JM. Yes. It seems OK, it seems OK. There are people who suffer to such an extent that they would do anything to get something to eat, to get a place to sleep, to have clothes.

POM. So do you think that the people here in Alex have been disappointed with the way things have gone in the last couple of years?

JM. I think, like every other township, we are disappointed.

POM. You are disappointed?

JM. Yes, we are very disappointed. I think even Alex is the most disappointed because we never envisaged violence so it really took us by surprise. It's what's happened.

POM. When you look at Alex today what are the most important problems that it faces, that need to be addressed?

JM. Overcrowding and I think political education is needed, political education that would promote political tolerance so that people would be safe.

POM. How about housing or garbage or water supply?

JM. You see I think overcrowding comprises those things.

POM. All those things, yes. So when a new government takes over, a new non-racial government or whatever, what amount of time do you think they have to start addressing these problems?

JM. Amount of time? I cannot say. They can do it in ten years, in twenty years. It will take some time.

POM. But will people stand for that?

JM. I don't know.

POM. I mean if three years from now, if there's a new government in three years from now, there's still the same degree of overcrowding, there are even more squatters have come into the area?

JM. This is why I advocate tolerance. If people are taught then they would know that transformation or changes do not happen overnight. So I don't know. Then I speak for myself, I don't know what other people would say and I'm not sure of future reactions, I'm not sure.

POM. Well what do you think a new government would have to do to show people that their having the vote, that majority rule does in fact make a difference?

JM. That's a tough one. No, I don't have a ready answer for that.

POM. Going back to violence, outside of political violence is there a very high level of ordinary violence, of criminal violence?

JM. There is and it grows daily and you cannot disassociate it with political violence because law and order is supposed to be enforced in the townships. The police are enforcing it in their own way and it goes back to politics, it goes back to the 1980s when the police were driven out of the townships and they still harbour a grudge against the community. So they are just doing their job.

POM. Are there street committees?

JM. We don't have street committees in Alex although they pretend there are.

POM. What I suppose I'm getting at is, just as people were taken before kangaroo courts in the past, is there, say a friend of yours or just say somebody next door, a woman was raped, would she be more likely to take her complaint to the police or would she take it to the community?

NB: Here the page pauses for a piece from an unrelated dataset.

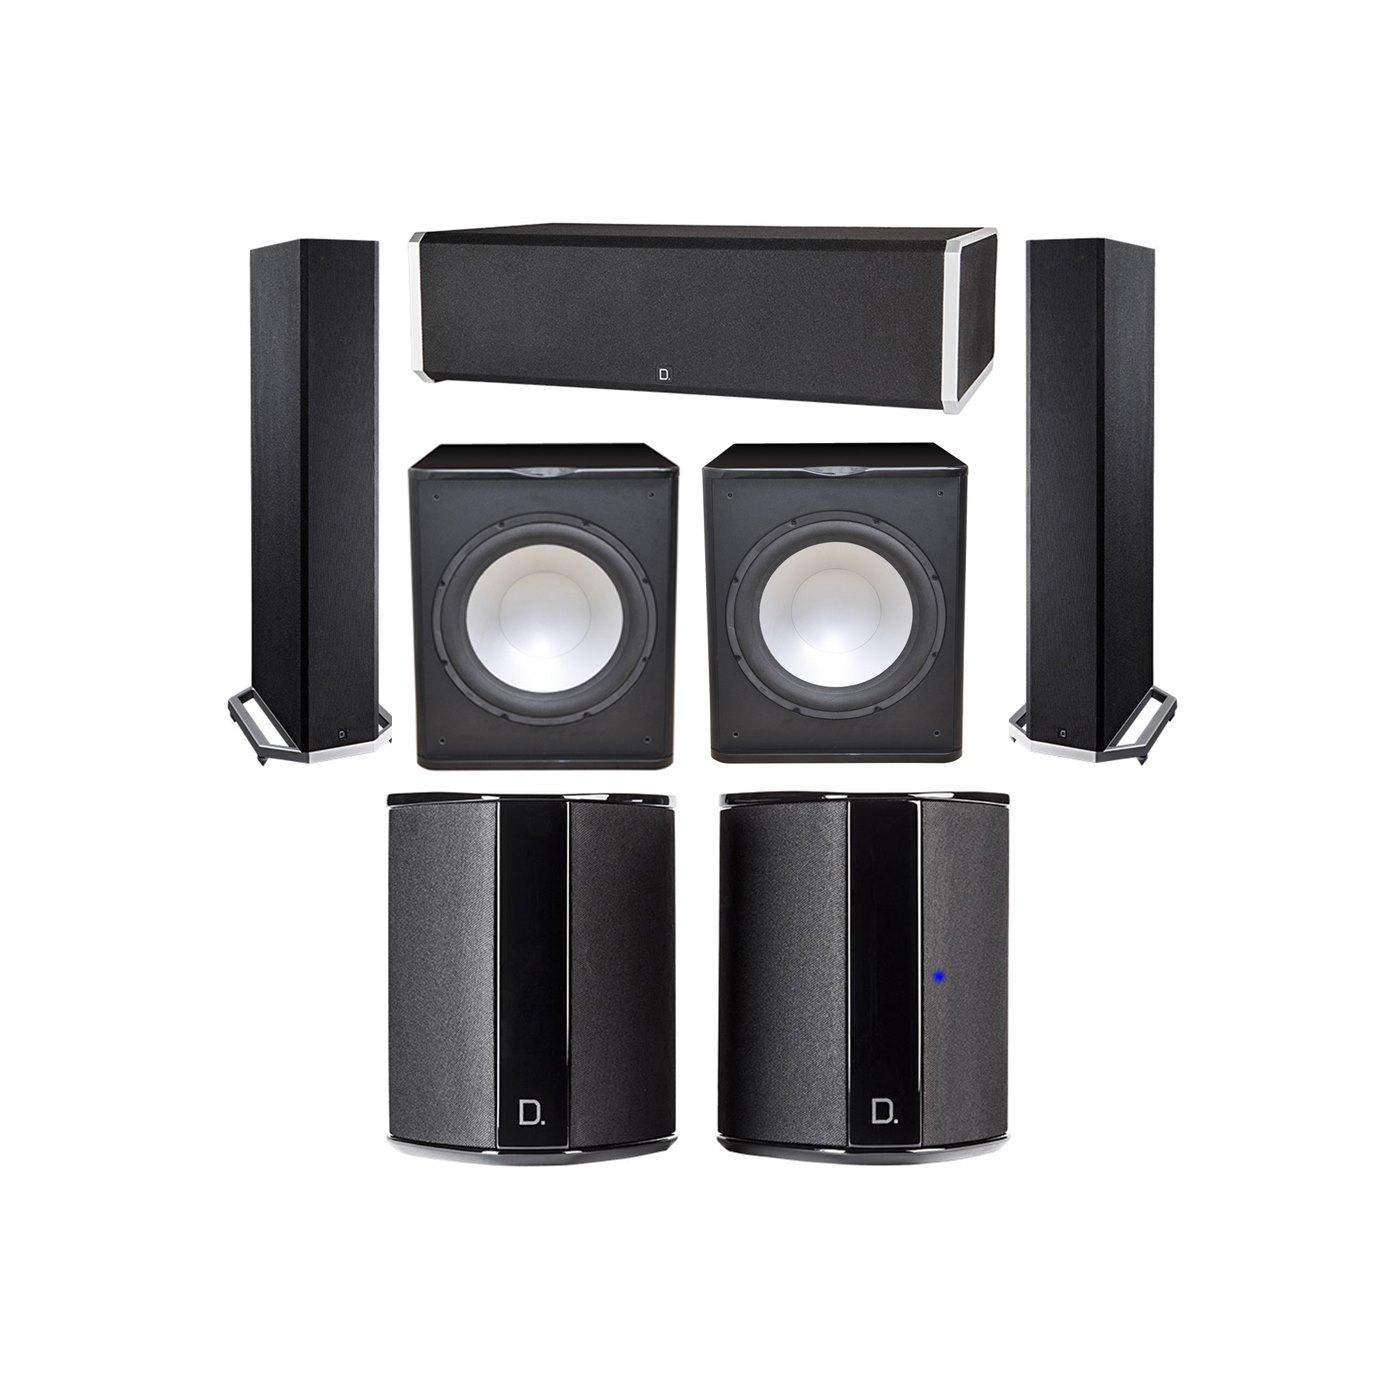 Definitive Technology 5.2 System with 2 BP9020 Tower Speakers, 1 CS9060 Center Channel Speaker, 2 SR9040 Surround Speaker, 2 Premier Acoustic PA-150 Subwoofer

JM. To either of the two, not to any of the two.

POM. Not to?

JM. Not to any of the two. Not to any of them.

POM. Not to any of them? She would just do nothing?

JM. If I was raped I would be free to go to a women's organisation and tell them. I won't say anything to kangaroo courts or district committees. It's because I feel men are not emancipated, it takes time. It's different with white men, they seem to accept changes a lot better than African men because they would tell you, you advocated the raping, your manner of dress.

POM. So if you went to the women's organisation what would they do? Say if you knew the person who had raped you and you'd gone to the women's organisation, what would they do then?

JM. I don't know what they'd do but I think they can handle it better than the police.

POM. Would there be a likelihood of your assailant being arrested and tried?

JM. There is, though sometimes it's very hard for you. You do that at your own risk. If your assailant knows you then you'll be in trouble, it's quite clear when he comes back from jail he will find you.

POM. You talked about the need for political tolerance. At a general level is there still a lot of intimidation in the community?

JM. Not in Alex, not in Alex. I may not know the levels of it diminishing but things are changing.

POM. But the kangaroo courts are now a thing of the past are they? Or do they still occasionally happen?

JM. No we no longer have them, not in Alex.

POM. So that's an improvement of sorts at least.

JM. It has improved a lot. But you can't rule out that they will re-emerge. I don't know. They may re-emerge.

POM. We hear all the time about the 'new South Africa'. It's been said so many times, the phrase has been used so many times it's almost meaningless. What do you think the phrase means to people you know here? And what does it mean to you?

JM. To me I see nothing new about South Africa and I believe in a so-called new South Africa. It's not the new South Africa that will mean that much, it is what you bring into the new South Africa that will mean much. I'd still be a garden boy in the new South Africa if I don't do anything about my education. So there's no big deal about the new South Africa.

POM. Remember when I asked you what would the government have to do, would a new government have to do when it came into power in order to show that majority rule made a difference? Do you think on education - ?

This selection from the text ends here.